» Task to carry out:
Begin at the line containing "Norda norda 002" and copy exactly through the last line of the listing, skipping every picture.

» Data shown:
········
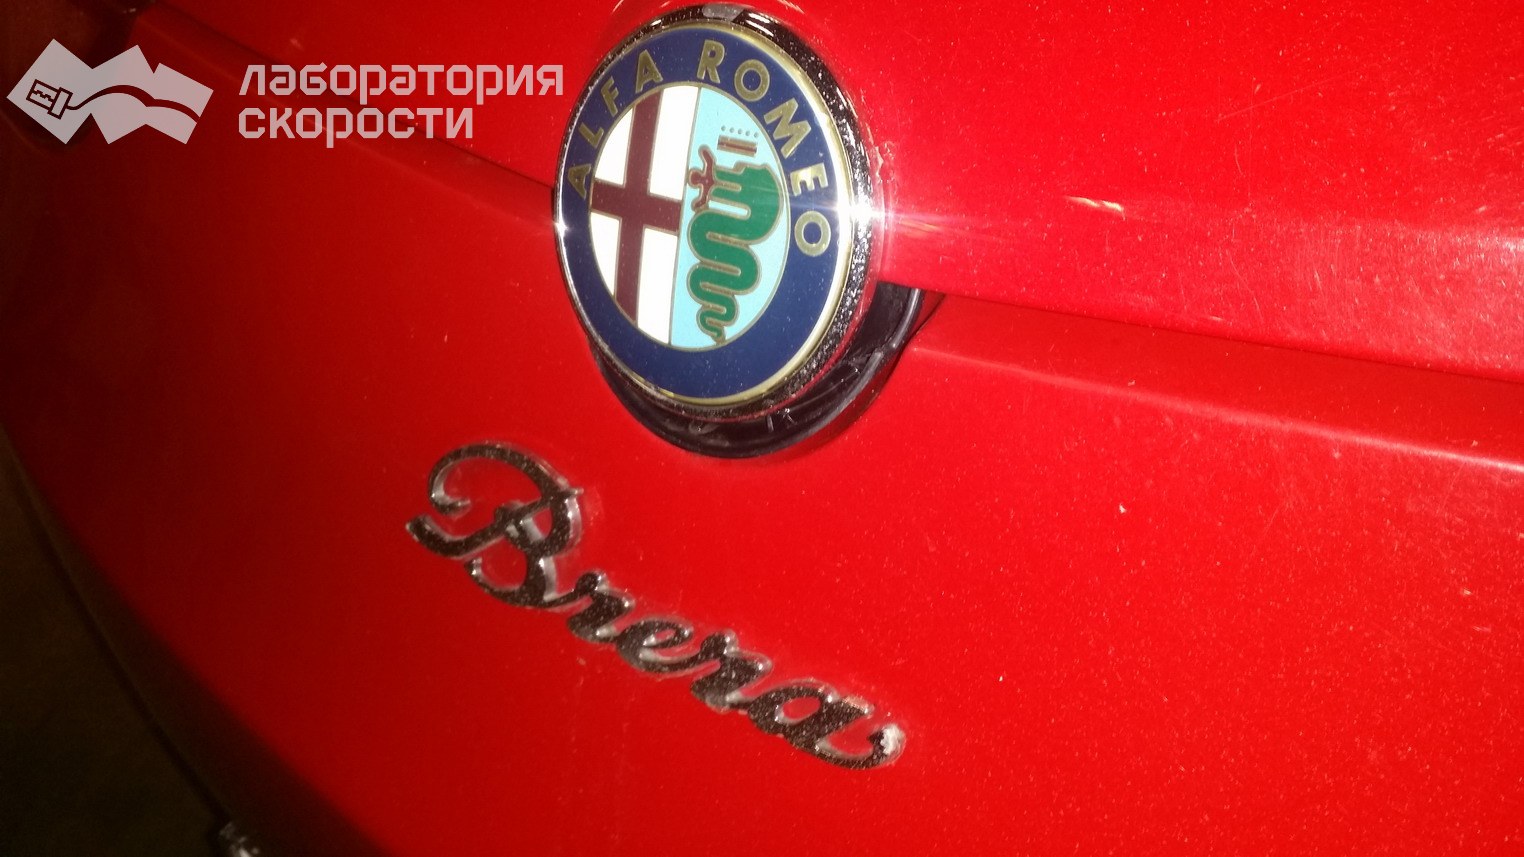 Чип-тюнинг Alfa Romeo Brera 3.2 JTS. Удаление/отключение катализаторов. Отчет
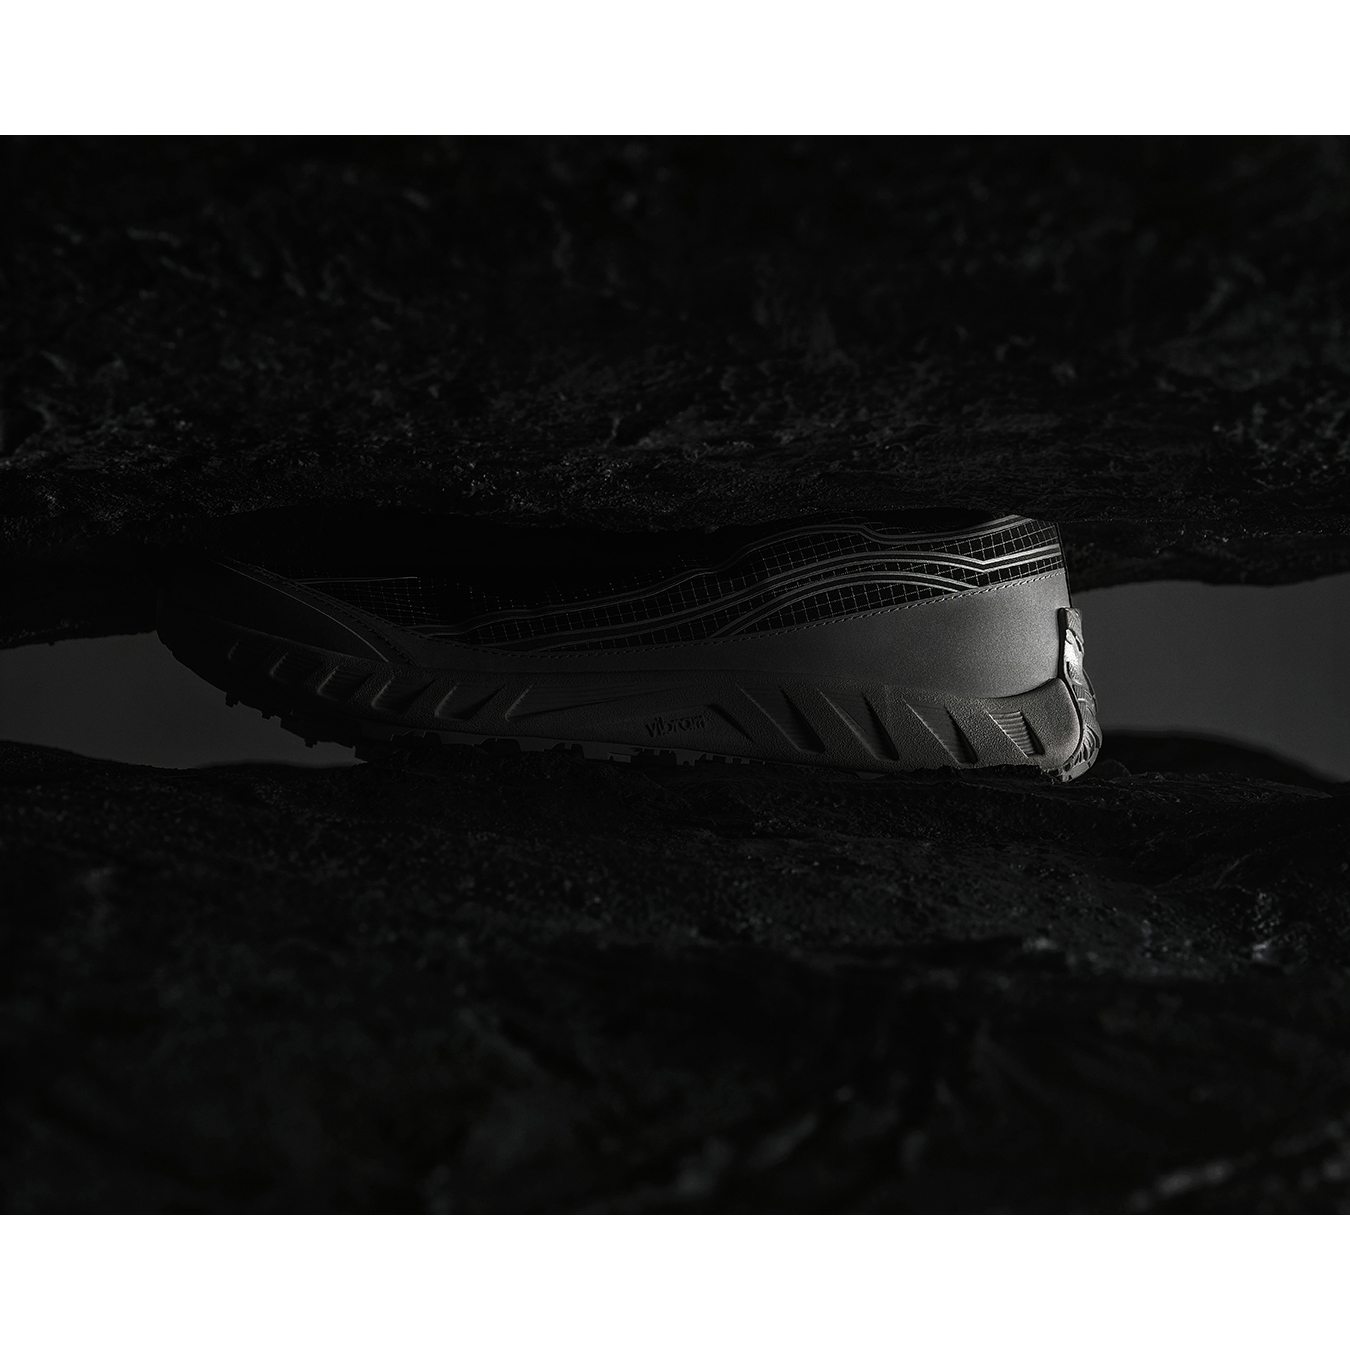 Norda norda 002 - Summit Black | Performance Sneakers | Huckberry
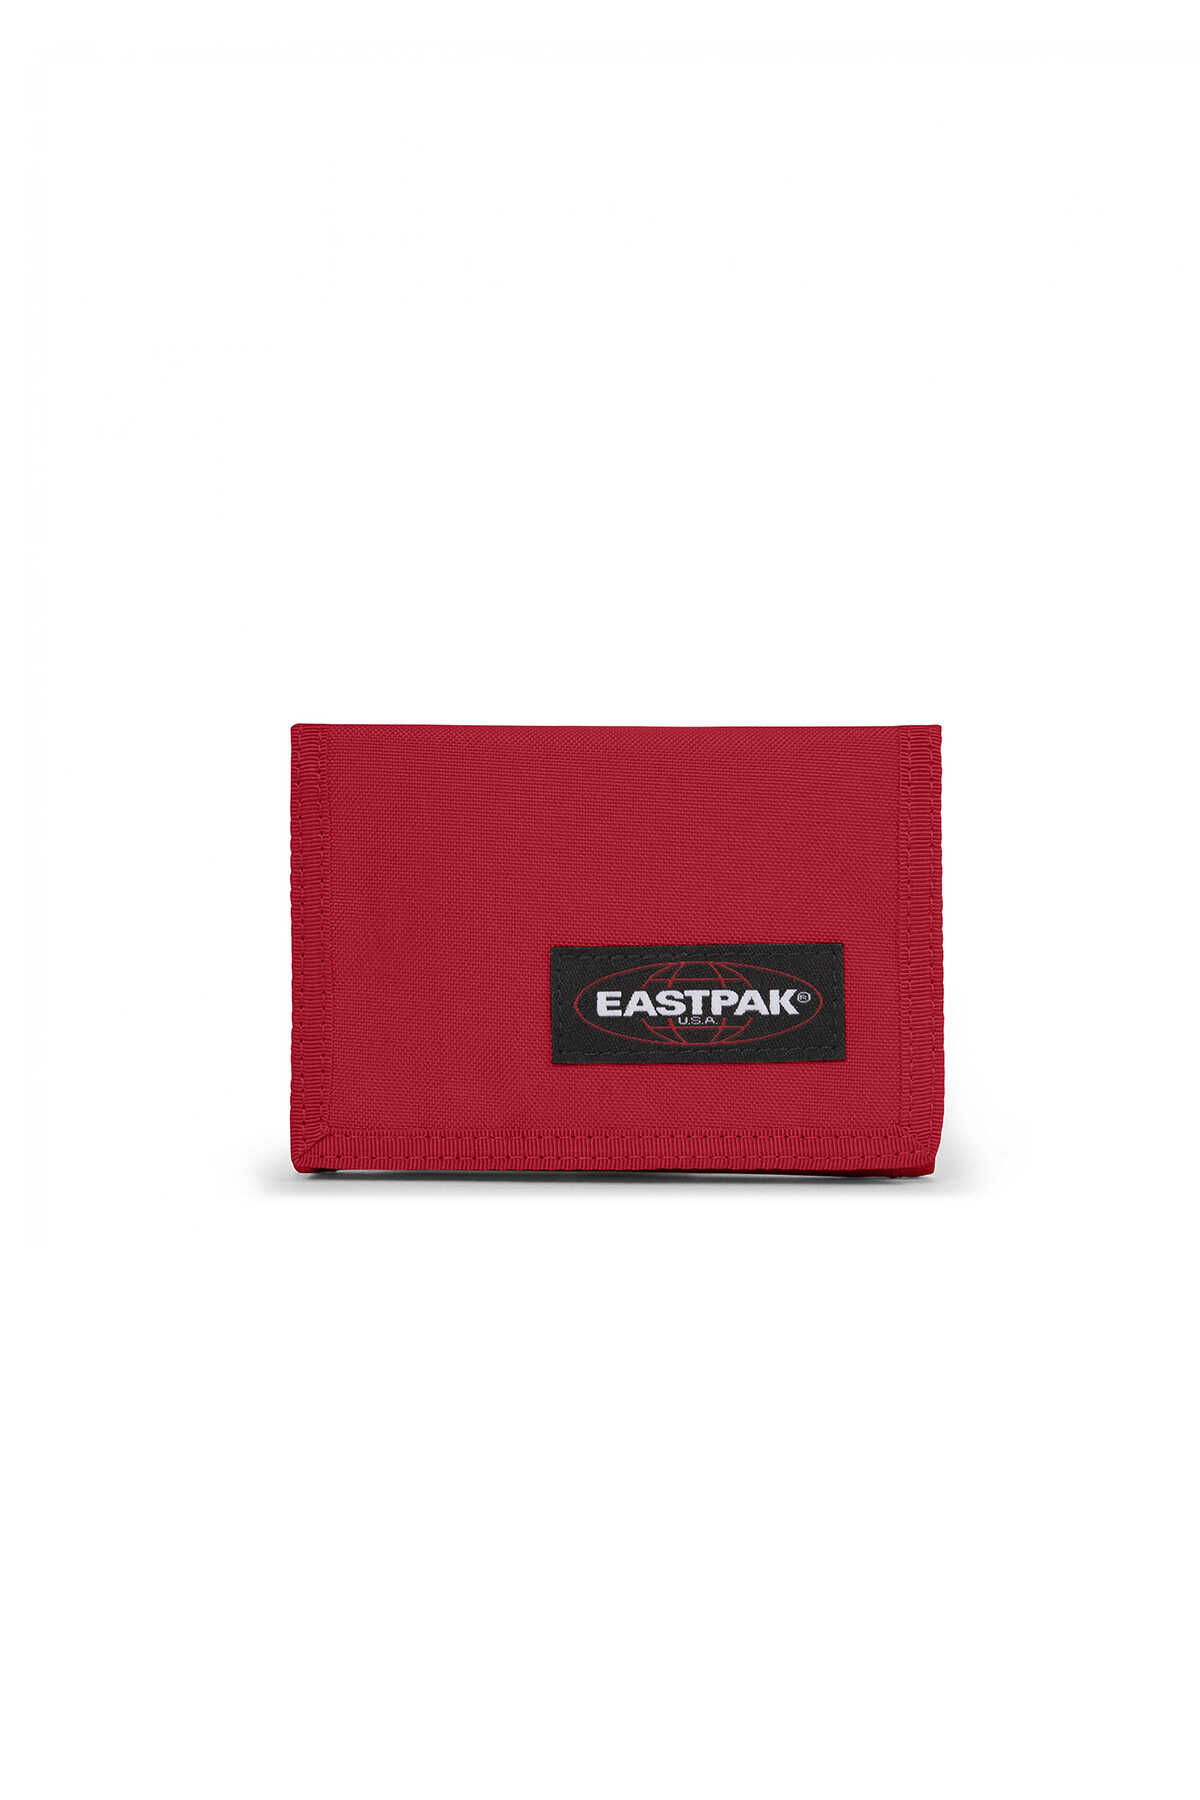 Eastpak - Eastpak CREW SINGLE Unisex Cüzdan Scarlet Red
········
» Output for this exercise:
 Norda norda 002 - Summit Black | Performance Sneakers | Huckberry
 Eastpak - Eastpak CREW SINGLE Unisex Cüzdan Scarlet Red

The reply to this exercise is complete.